----- Source material -----

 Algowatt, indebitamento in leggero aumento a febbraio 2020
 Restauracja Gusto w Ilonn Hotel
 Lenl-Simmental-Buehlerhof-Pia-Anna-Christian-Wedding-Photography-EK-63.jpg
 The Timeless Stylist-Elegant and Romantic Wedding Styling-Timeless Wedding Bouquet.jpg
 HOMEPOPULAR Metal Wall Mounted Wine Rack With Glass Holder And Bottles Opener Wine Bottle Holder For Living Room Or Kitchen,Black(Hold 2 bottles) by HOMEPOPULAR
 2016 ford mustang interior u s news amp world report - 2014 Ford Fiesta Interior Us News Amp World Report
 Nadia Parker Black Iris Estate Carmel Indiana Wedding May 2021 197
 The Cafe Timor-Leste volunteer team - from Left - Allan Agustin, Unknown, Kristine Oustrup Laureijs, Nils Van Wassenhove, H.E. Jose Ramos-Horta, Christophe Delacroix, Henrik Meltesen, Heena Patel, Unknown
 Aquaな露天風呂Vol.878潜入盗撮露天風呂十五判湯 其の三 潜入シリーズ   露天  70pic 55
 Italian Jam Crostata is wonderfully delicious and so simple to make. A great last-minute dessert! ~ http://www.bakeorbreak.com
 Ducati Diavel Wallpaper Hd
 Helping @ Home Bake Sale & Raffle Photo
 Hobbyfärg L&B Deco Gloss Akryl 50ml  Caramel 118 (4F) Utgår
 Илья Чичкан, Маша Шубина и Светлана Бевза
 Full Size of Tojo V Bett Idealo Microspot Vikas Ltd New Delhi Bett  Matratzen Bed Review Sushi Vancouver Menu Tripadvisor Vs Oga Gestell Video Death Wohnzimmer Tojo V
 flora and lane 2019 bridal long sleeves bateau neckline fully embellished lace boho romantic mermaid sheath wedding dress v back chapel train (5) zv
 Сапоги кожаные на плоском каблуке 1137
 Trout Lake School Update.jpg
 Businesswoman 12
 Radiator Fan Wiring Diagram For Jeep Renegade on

-----

What is needed → Give back the complete data exactly as supplied.

Answer area →
 Algowatt, indebitamento in leggero aumento a febbraio 2020
 Restauracja Gusto w Ilonn Hotel
 Lenl-Simmental-Buehlerhof-Pia-Anna-Christian-Wedding-Photography-EK-63.jpg
 The Timeless Stylist-Elegant and Romantic Wedding Styling-Timeless Wedding Bouquet.jpg
 HOMEPOPULAR Metal Wall Mounted Wine Rack With Glass Holder And Bottles Opener Wine Bottle Holder For Living Room Or Kitchen,Black(Hold 2 bottles) by HOMEPOPULAR
 2016 ford mustang interior u s news amp world report - 2014 Ford Fiesta Interior Us News Amp World Report
 Nadia Parker Black Iris Estate Carmel Indiana Wedding May 2021 197
 The Cafe Timor-Leste volunteer team - from Left - Allan Agustin, Unknown, Kristine Oustrup Laureijs, Nils Van Wassenhove, H.E. Jose Ramos-Horta, Christophe Delacroix, Henrik Meltesen, Heena Patel, Unknown
 Aquaな露天風呂Vol.878潜入盗撮露天風呂十五判湯 其の三 潜入シリーズ   露天  70pic 55
 Italian Jam Crostata is wonderfully delicious and so simple to make. A great last-minute dessert! ~ http://www.bakeorbreak.com
 Ducati Diavel Wallpaper Hd
 Helping @ Home Bake Sale & Raffle Photo
 Hobbyfärg L&B Deco Gloss Akryl 50ml  Caramel 118 (4F) Utgår
 Илья Чичкан, Маша Шубина и Светлана Бевза
 Full Size of Tojo V Bett Idealo Microspot Vikas Ltd New Delhi Bett  Matratzen Bed Review Sushi Vancouver Menu Tripadvisor Vs Oga Gestell Video Death Wohnzimmer Tojo V
 flora and lane 2019 bridal long sleeves bateau neckline fully embellished lace boho romantic mermaid sheath wedding dress v back chapel train (5) zv
 Сапоги кожаные на плоском каблуке 1137
 Trout Lake School Update.jpg
 Businesswoman 12
 Radiator Fan Wiring Diagram For Jeep Renegade on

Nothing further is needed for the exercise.